Some Hillary supporters would also like to stop Obama as a protest, believing they've been cheated in their quest to place the first female in the presidency. We witness in that reaction the downside of winning when someone else's "first" is thwarted in the process.


But overall, as headlines around the world have treated Obama's nomination as the second coming, there is a perceptible undercurrent of fait accompli.

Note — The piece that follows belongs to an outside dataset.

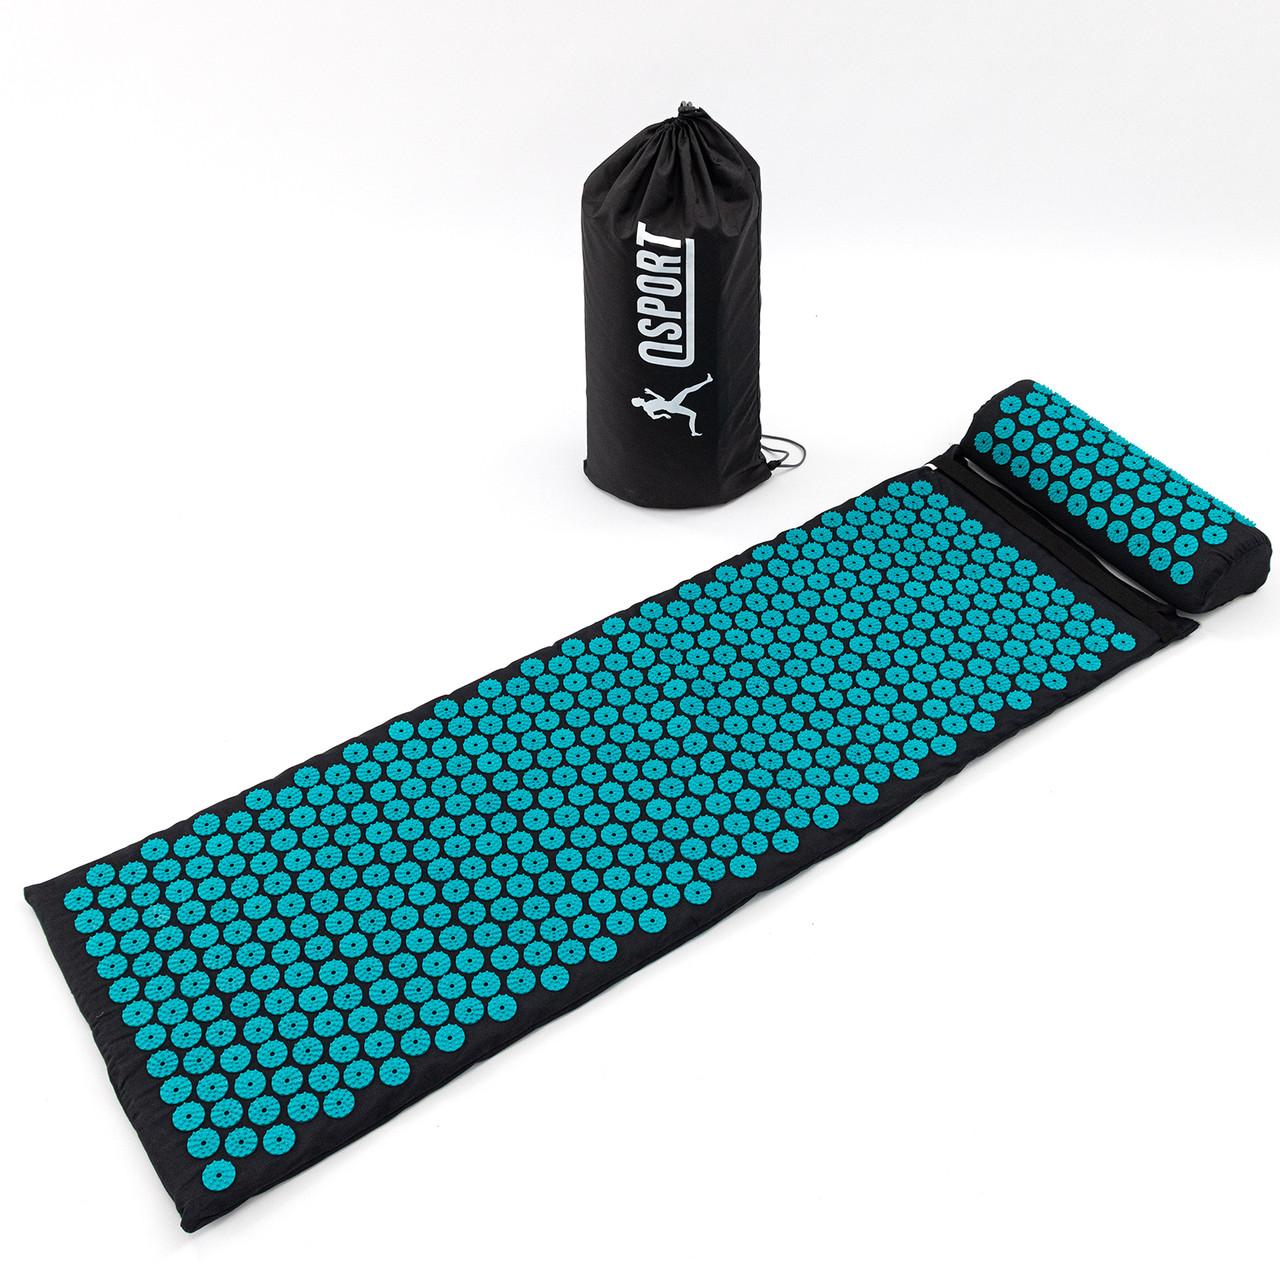 Набір Аплікатор Кузнєцова масажний акупунктурний килимок + подушка масажер для спини/ніг OSPORT Pro (n-0006)

"For the time being, Barack Obama is changing the world," wrote one British columnist. "Star Wars" creator George Lucas bestowed the force on Obama, declaring him a hero "for all of us that have dreams and hope."


All that remains is for Obama's visage to appear on some petrified Mayan bagel.


Neither candidate has an easy road ahead, but McCain's ride may be bumpier, not least because he is incorrectly viewed as a Bush clone. Obama continues to hammer that notion with words and clever ads, but the truth is McCain has differed with Bush on the most important issues, from climate change to torture to the surge, which McCain urged long before Bush ordered it.


But before McCain can hope to challenge Obama on substance, he has to get people to avert their gaze from the shiny new object of their infatuation.


Ultimately, the idea of Obama may be harder to defeat than the man himself. He isn't just a candidate anymore, but has become the human symbol of a nation's trajectory. In that sense, he is the one we've been waiting for — a blend of our best efforts, the product of the American imagination: not of one race, nor of one region, belonging to no single demographic. He is living proof of what makes America unique.


McCain's success, therefore, may ride in part upon whether he can survive his own deconstruction of Obama, through which we will discover the ultimate truth of Obama's candidacy and of the American experiment.


Can we critique the issues — and the man — without resorting to racial interpretations and recriminations? If McCain wins, can his victory simply be a loss for Democrats — and not a loss specifically for African-Americans?


The answers to those questions will be the measure of whether we've really progressed to the point we claim.